- **Exercise**
Without the images, repeat every line of the listing exactly.

___ Information shown ___

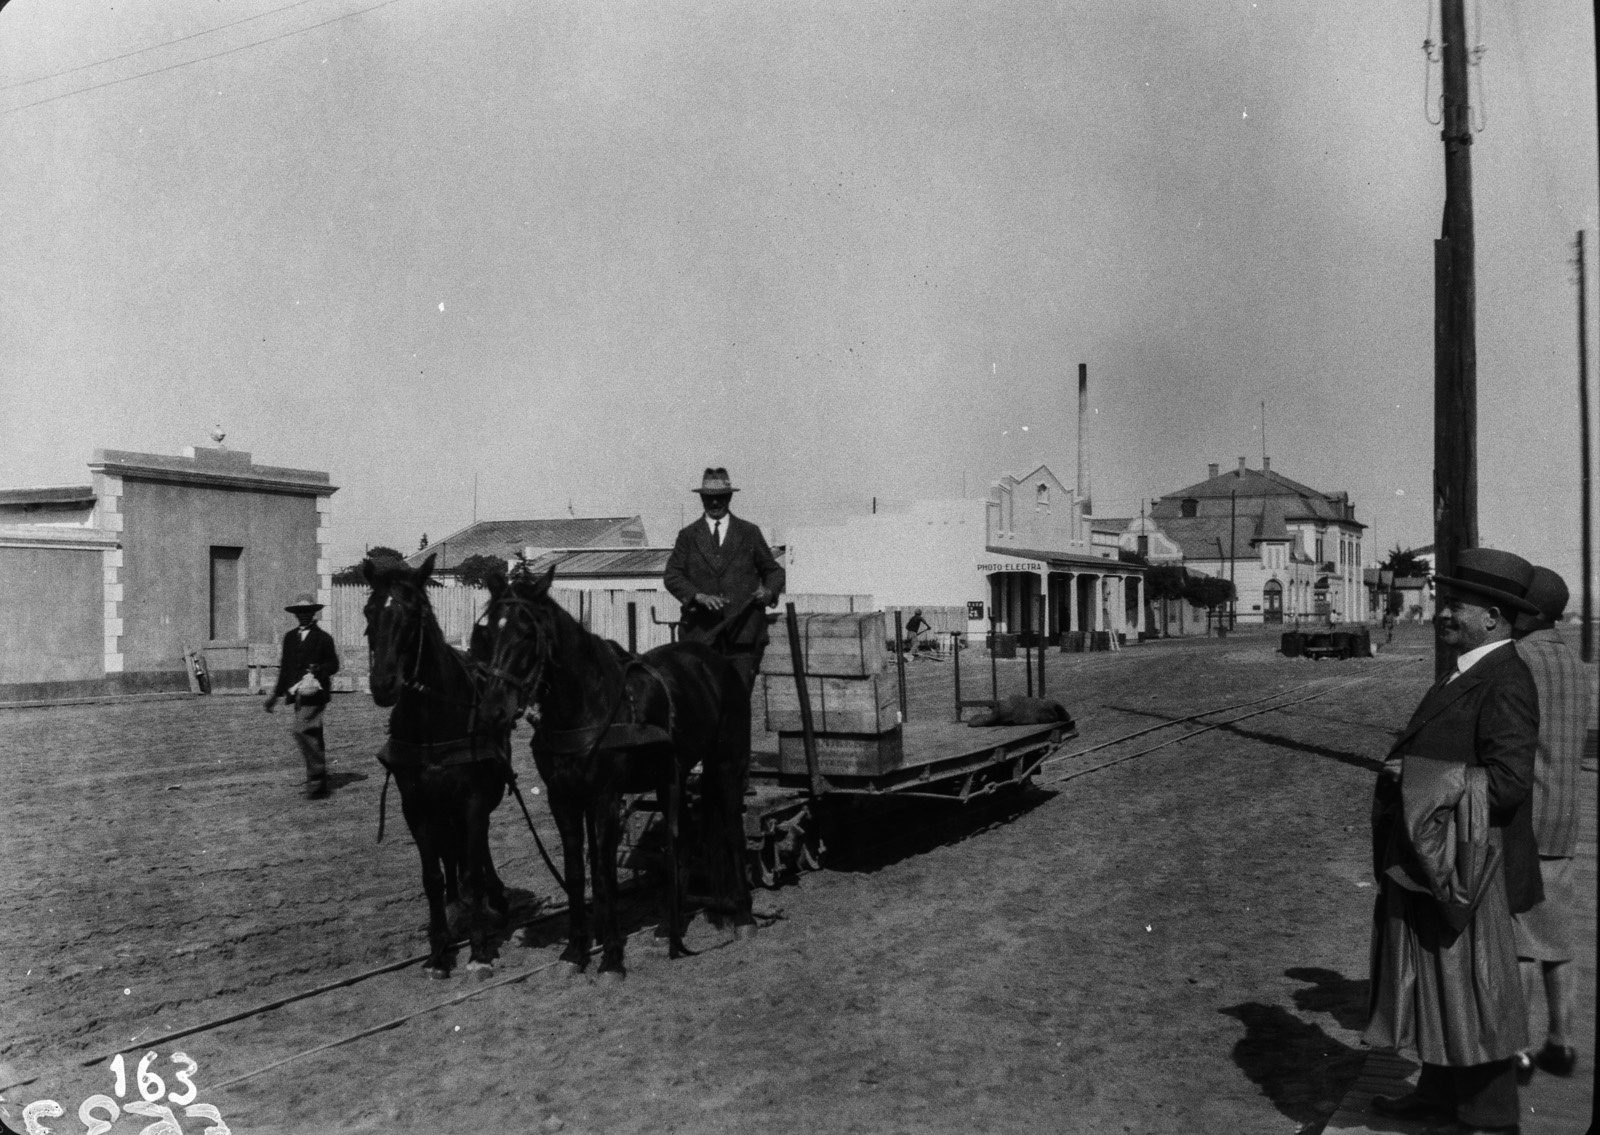 Юго-Западная А́фрика. Свакопмунд. Вид конного автомобиля на улице
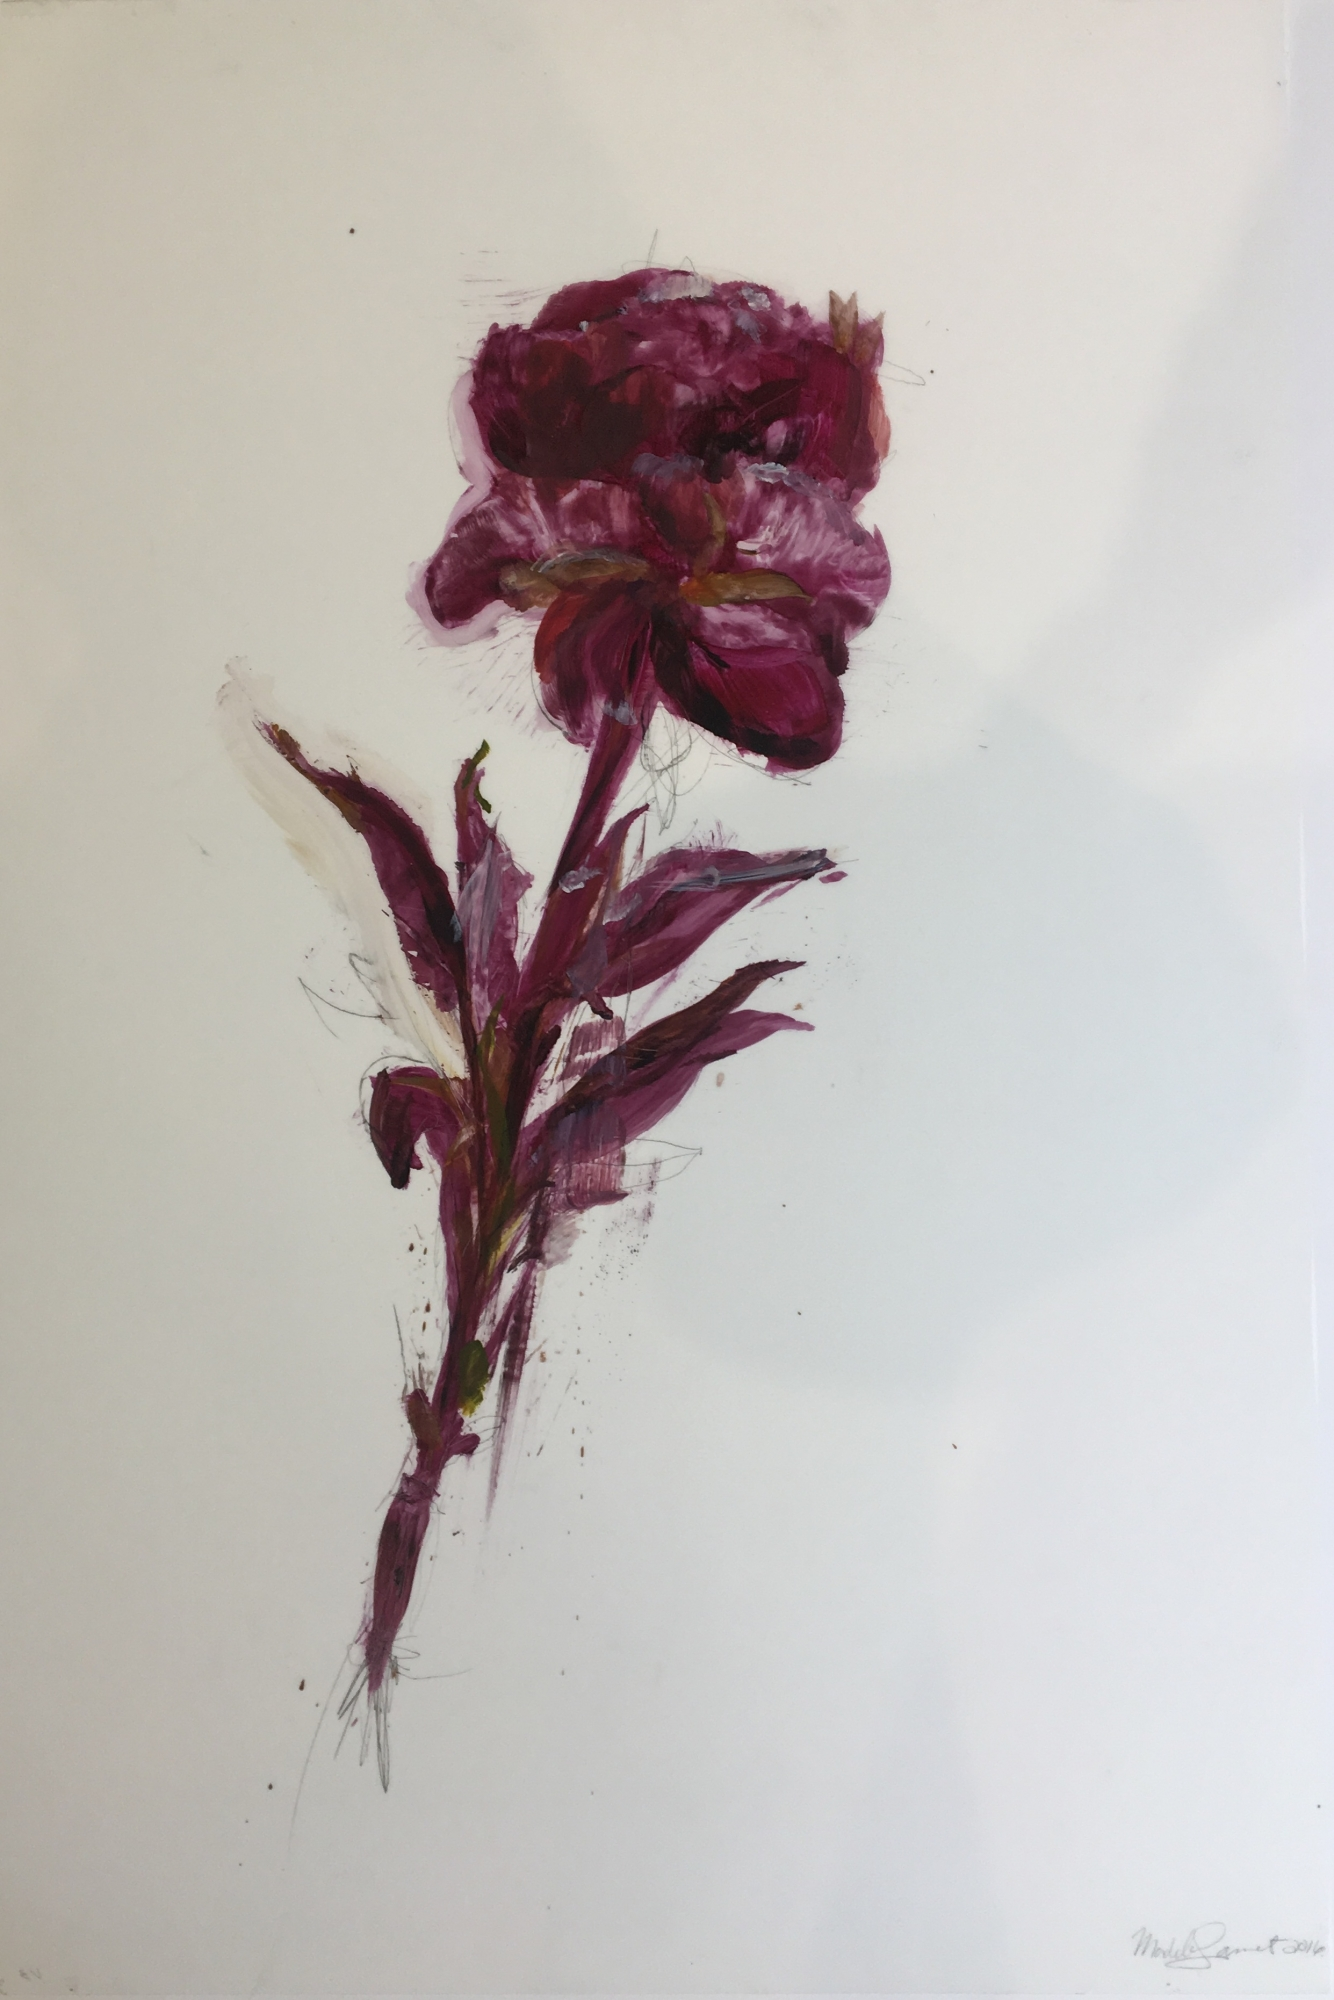 Purple Peony 2016  by Madeleine Lamont
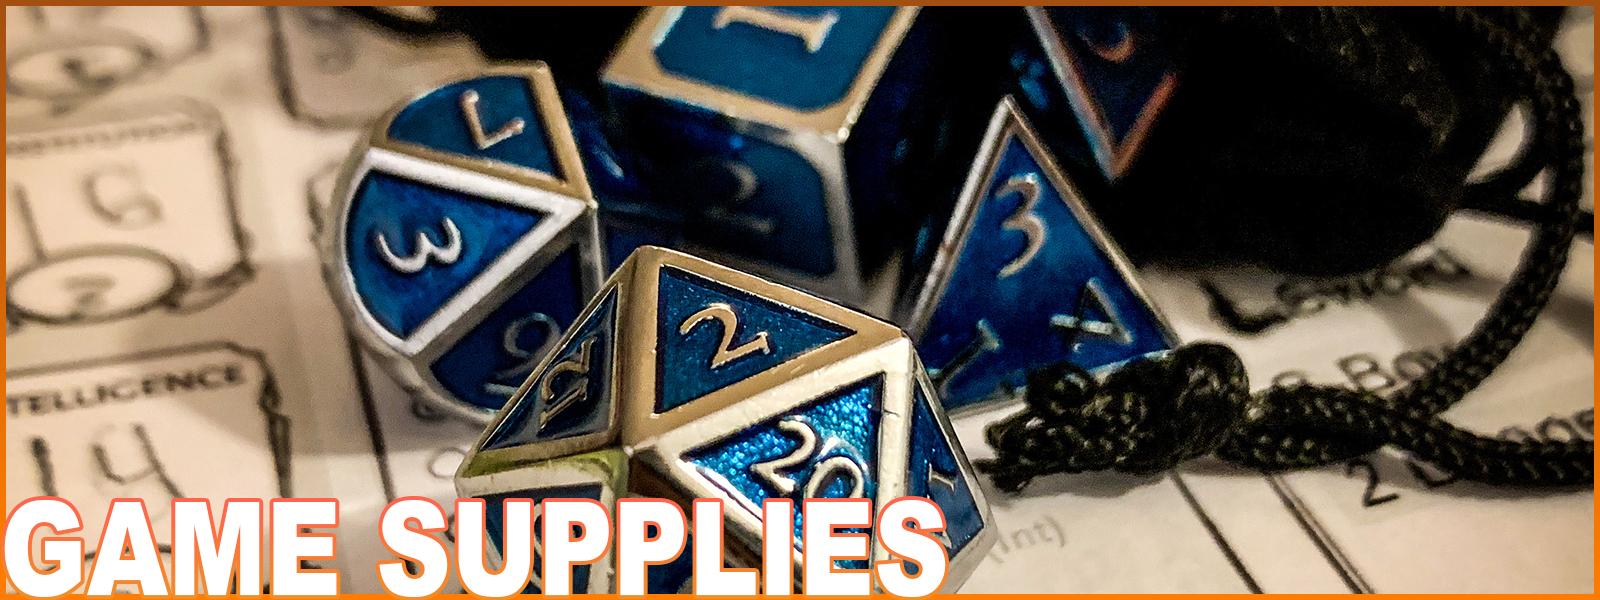 game-supplies-banner.jpg

___

- **Solution to this task**
 Юго-Западная А́фрика. Свакопмунд. Вид конного автомобиля на улице
 Purple Peony 2016  by Madeleine Lamont
 game-supplies-banner.jpg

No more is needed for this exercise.